Geoffrey De Smet <[email protected]> writes:
> Op 03-10-12 18:40, Phil Hord schreef:
>> But I feel your pain. I think the solution lies in relegating 'reset'
>> to the plumbing or the power-user realm of commands since I feel it is
>> quite overloaded and sometimes dangerous. There was a thread some
>> months back heading in this direction, but I failed to keep it going.
>>
>> http://comments.gmane.org/gmane.comp.version-control.git/185825
>
> I personally use git reset a lot:
> - Try an experiment
> - Commit a few commits as the experiment progresses
> - figure out that the experiment is a dead end
> - git reset all those _local_ commits
>
> The point is: they are local commits, so no harm done.
> But there's nothing preventing me from resetting pushed commits too,
> which would mean harm.
Even if you reset your local branch beyond the point you pushed out,
no harm is caused, as "git push" will catch that mistake, e.g.

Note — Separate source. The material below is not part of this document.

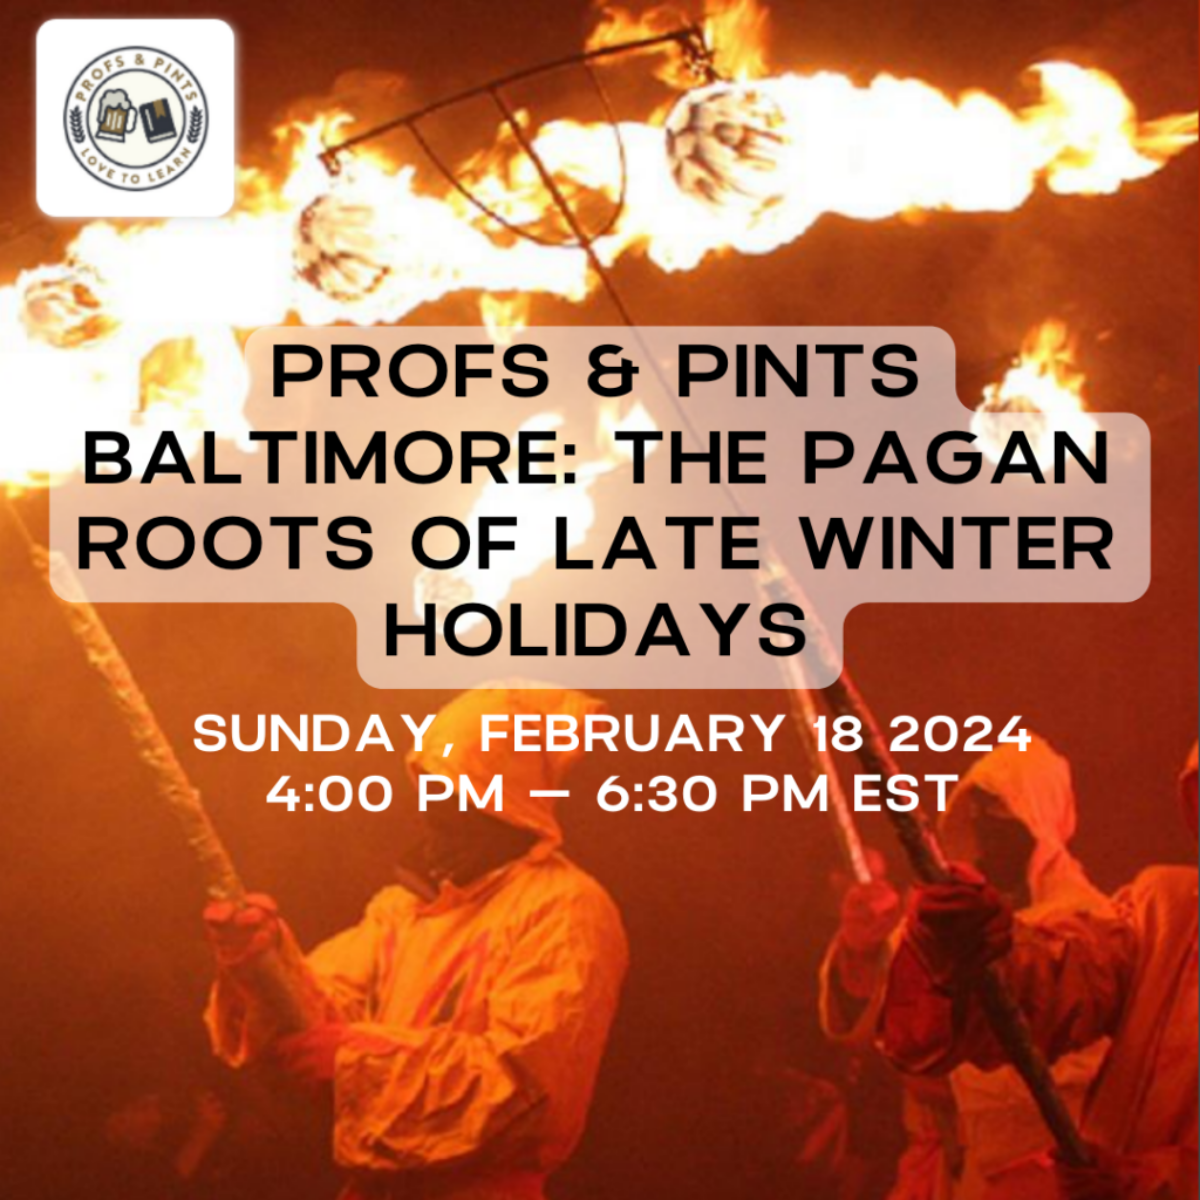 Profs & Pints: Pagan Roots of Late Winter Holidays Flyer

: on 'master' that integrates with 'master' at remote
$ git reset --hard HEAD~4
: work work work and commit commit commit
$ git push origin master
... will result in refusal due to non-fast-forward
And then you can recover from it easily; one workflow may go like
this:
: update refs/remotes/origin/master, among other things
$ git fetch origin
: recover the "work work ... commit commit" part
$ git rebase origin/master
Another thing we could think about doing is to warn at the point you
reset your head away. The above "reset --hard HEAD~4", before doing
what it was told to do, could perform:
git rev-list HEAD~4..HEAD
(replace "HEAD~4" with whereever you are attempting to go) and see
if any of the listed commits is an ancestor of @{upstream} of the
current branch. And if that is true, then your updated "reset" can
issue a warning, just like "git checkout branchname" to leave the
detached HEAD state gives you a friendly warning.